188 thoughts on “Supreme Court Unanimously Finds President Obama Violated Constitution In Use Of Recess Appointments”

  1. To expand on mespo727272’s comment at 2:22 pm June 26, 2014:

    Jonathan Turley, perhaps now that you’ve taken down President Obama a notch with your criticism of his extra-constitutional behavior in making four recess appointments when Congress was nominally not in recess — why don’t you comment on Congress’ cute trick?

    Do you really think it’s constitutionally correct and within their power for Congress to abrogate the President’s executive power by the sham non-recess when essentially no one’s in Congress and everyone’s on vacation or between Sessions? Do you really think calling Congress into “Session” for mere minutes every 3 days during the Recess is the intent of the law?

    “12/17/11 09:49 PM EST The Senate adjourned for the year shortly after 3:30 p.m. Saturday, but GOP leaders insisted on holding ten cursory pro-forma sessions over the next month to stop President Obama from making recess appointments.”

    Read more: http://thehill.com/homenews/senate/200121-senate-schedules-pro-forma-sessions-to-block-obamas-recess-appointments

    1. karen503 – evidently the Supreme Court thinks Congress is in session, even if the President doesn’t.

  2. Annie, Government was never intended to be large, it was always intended to be small. That’s the true stature of a Republic-Democracy. That’s real freedom. When a government takes from one and gives to another that’s socialism. We were never intended to be a complete socialistic country.

  3. Constitutional Law “professor ” who “studied” constitution at Harvard , who “taught” constitution , and who had said will “obey” constitution , has really done all of that , while living in his bubble , and his supporters will defend him while living in their own bubbles .

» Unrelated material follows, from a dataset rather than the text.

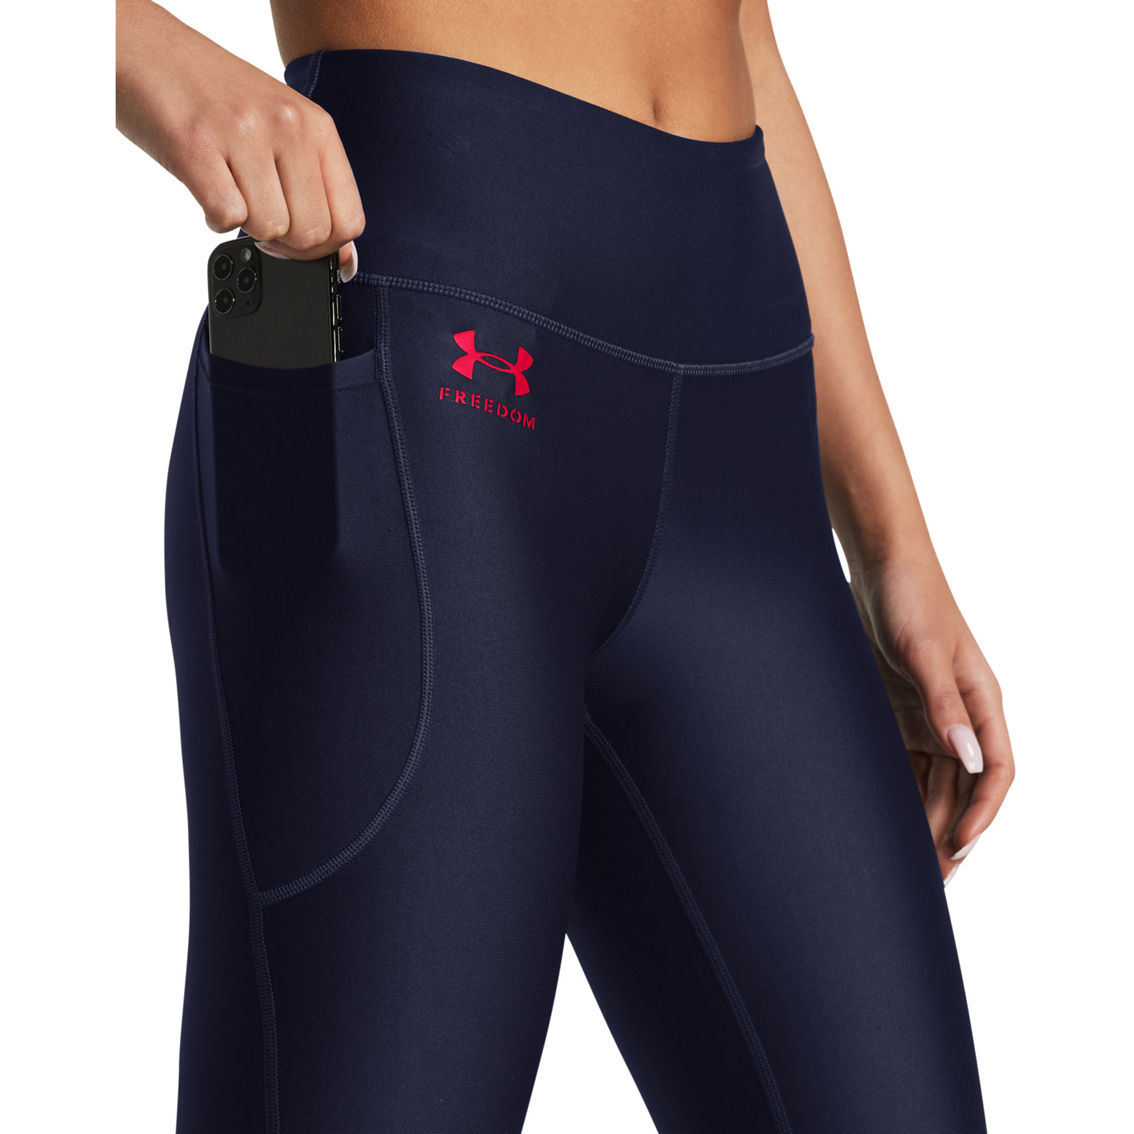 Under Armour Freedom High Rise Ankle Leggings - Image 4 of 6

  4. Jimmycrackcorn and all others who think they pass out of a need for the planet when they kick the bucket…. BALONEY! In 40 years you will be back on it or floating in space around an asteroid belt between Venus and Mars. You bought the One Lifetime MuslimJudeoChristian thing to control you. Take more responsibility than that!

  5. Thanks, what I wrote that, I guess, you found acceptable was concise, to the point, economical of words, circumvented the “fog factor” and was perfectly meaningless for want of any trace of meaningful context.

    Also, it was specifically written to be flawlessly pointless.

  6. Or, it does not depend on what your definition of “is” is.

  7. Now see, that was concise and to the point.

    An “economy of words” and circumvention of the “fog factor.”

  8. How about one (compound) sentence, whatever happens, as it happens, is inescapably both perfectly necessary and perfectly sufficient, even if so merely because nothing else ever happens.

  9. Richard,

    Thank you for your telling me of your appreciation for being given a way to get a nap. Naps can be helpful.

    I write for, and only for, such people, if any, who may find some use for what i write.